WALKING LIKE GROUCHO
and the way I experienced American TV network. (September the 8th, 2016)
I have been always into underground movies after once Canal +, the French channel, made one season with John Waters movies. After that season I kept looking for the low budget movie type. I wanted to open up to underground filmmaking. It was difficult to meet someone who knows those movies that shows a home made world with decors and make-up done by an amateur whose not afraid of sounding like a nuts.
There were still the Tuesday nights at the Art school when we were watching a movie but that was too succinct for me. No underground movies but at least I had my validation: I was into images, photographing and filming, producing still images and sequences, sounds and texts.
It all starts with this messy numerous records of images and sequences. With that infinite chaos, shrinking was the first way I found to be clear to an audience. With my memory, with all the images I keep watching everyday on the Internet and my own personal experiences, I need to express that world the most limpid as possible. Framing is first being able to drive the attention on something and point it. I wanted then to find out how I would be able to create the right places for those images with the right forms. I wasn’t into a regular narration but more into interrupted times and rhythms like poetry. I got into the work of Nam June Paik, the videos of Bill Viola and the articles of Jean-Paul Fargier and Alain Bourges and felt it was already too late for another video artist and another photographer. I went to theaters and discovered the “cinema d’auteurs”, read Serge Daney writings but still the same feeling of hopelessness for my work.
I finally got to meet with Mr TV one night.
After watching a police story at the theater with detective Mike Hammer, I decided not to finish that night too soon and sat at the bar of a restaurant. He was sitting here, complaining about plumbing problems. Working for CBS NEWS as a storyteller (not a journalist), doing short stories and we got into a conversation on cinema starting with Rossellini’s Stromboli. That conversation ran for four years and tried different directions to come back to that same important point.

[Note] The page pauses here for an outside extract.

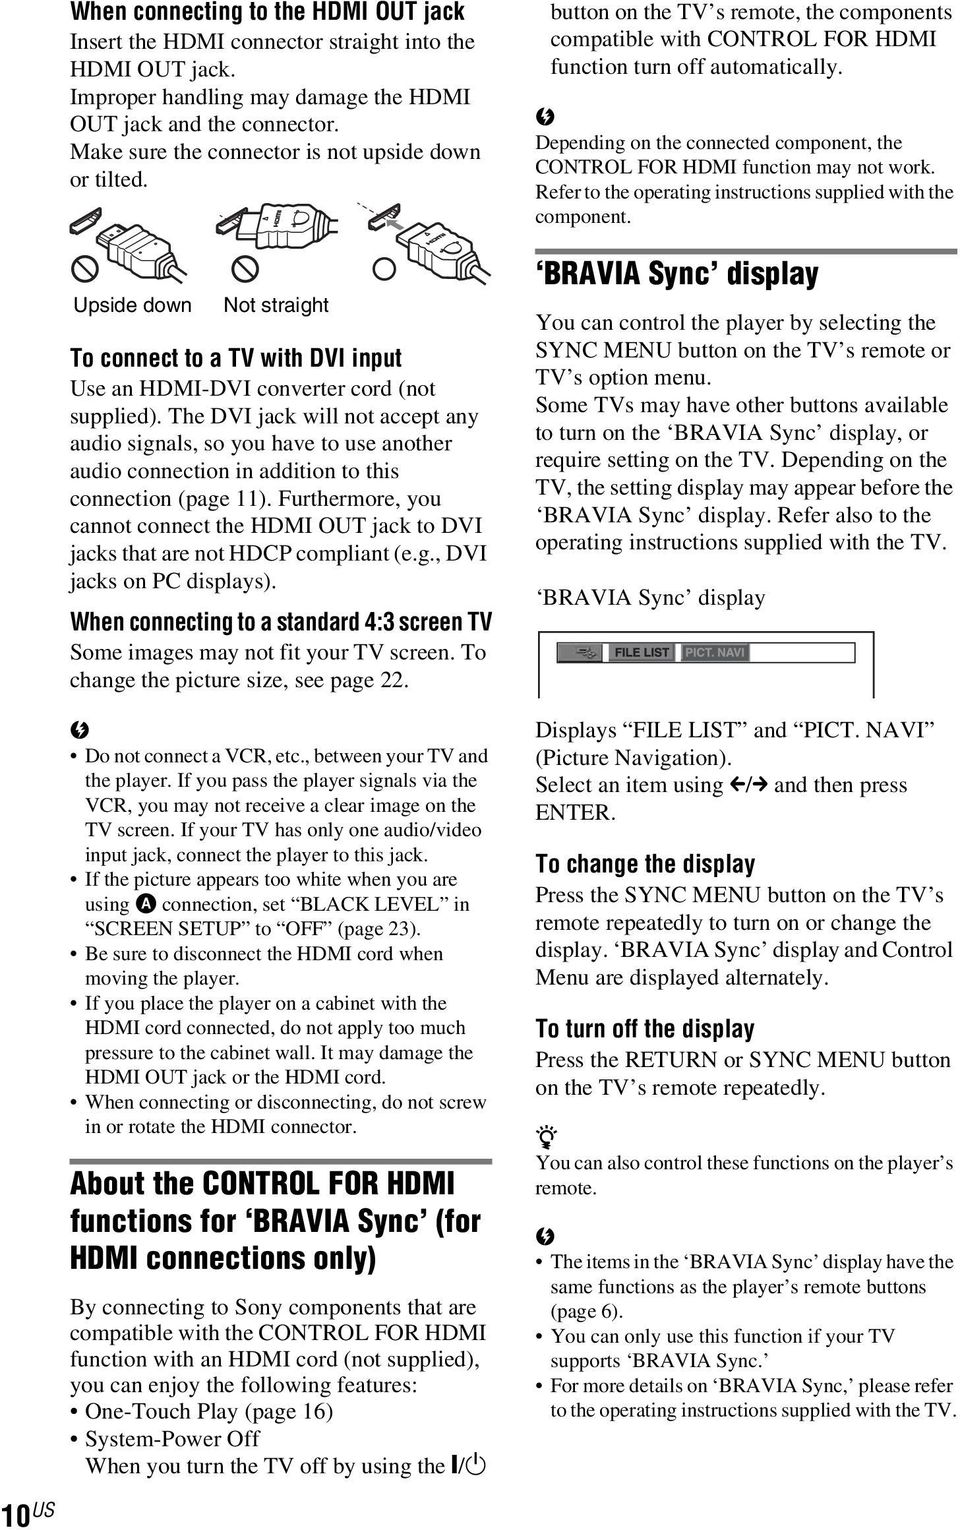 The DVI jack will not accept any audio signals, so you have to use another audio connection in addition to this connection (page 11).

With shooting at a Parisian cabaret for a French Cancan class, observing the organ player and filming a Sunday morning mess, discovering there is a school for kids to learn and compose rock music, see big chocolate sculptures from a chocolate chef and how Pierre Cardin talks about creation gave me reality checks every time he had to come up with a new pitch to fill the American TV broadcast.
Shooting with Mr TV is an affair of empathy and concern. First: technically how to shoot in any situation? You observe the place and adapt your material to the space. Coming with a heavy material is very inappropriate (hey it’s tv not an Hollywood studio! keep it light like a photo reporter). It kills any natural conversation as your fixing this and that, then, you can’t move so easily and while you’re trying to shoot and make all your material working, it becomes just so difficult for the person being interviewed to don’t loose it.
We had two handy cameras. He had a microphone fixed on his to interview people, I was the traveling one, moving around, taking as much material as I could for the story.
Then I got more comfortable enough to start interviewing and opening up to people, discovering their activities, at their work places. All this was a real preparation. Other than finding the contacts, we had first to get to know the subject by doing researches on the Internet and then being able to synthesize and pull out the questions for the interview. That was my favorite shrinking exercise. That started with finding the right words to open up doors of other stories. “Creation”, “patterns”, “forms” and “colors” with “avant-garde” were the words Pierre Cardin jumped on for a one-hour private interview in his office. The designer opened up with so much enthusiasm and energy, it was a non-stopping vivid narration of experiences and jokes.
Did you know French Cancan is actually a military battle dance for women? There are a lot of military terms for different movements. Women use their legs like pistols and imitate warriors charging in a battle (the sex liberation?).
I happened to learn how to move and make people forget the camera and talk to me, making eyes contact. Difficult… I was loosing the frame and the sound, while I was talking. It’s a real choreography you have to improvise and coordinate.
I tried once to have a long and slow traveling with people having drinks on a terrace during a horse race at the Chantilly hippodrome. In the VIP space, large lady hats, beautiful outfits and champagne logos were on the terrace. My camera was shaking too much while walking. My movement wasn’t good, definitely not a Dolce Vita camera movement. My co-worker just said: you have to walk flexibly like Groucho Marx and watch your audience.
So that was it.
The attitude apparently clumsy but precise and keep holding a frame until the end and don’t interrupt. You express the interest on something by framing, moving the camera and feel the time of your record wherever you are. That’s one of the dimensions of being a storyteller. Look at people and make eye contacts instead of looking at your camera. TV is not cinema in that sense. It’s Live, you can move your camera in every sense as soon as you have the voice and exchange with the person.
Now I stick with this: keep walking funny.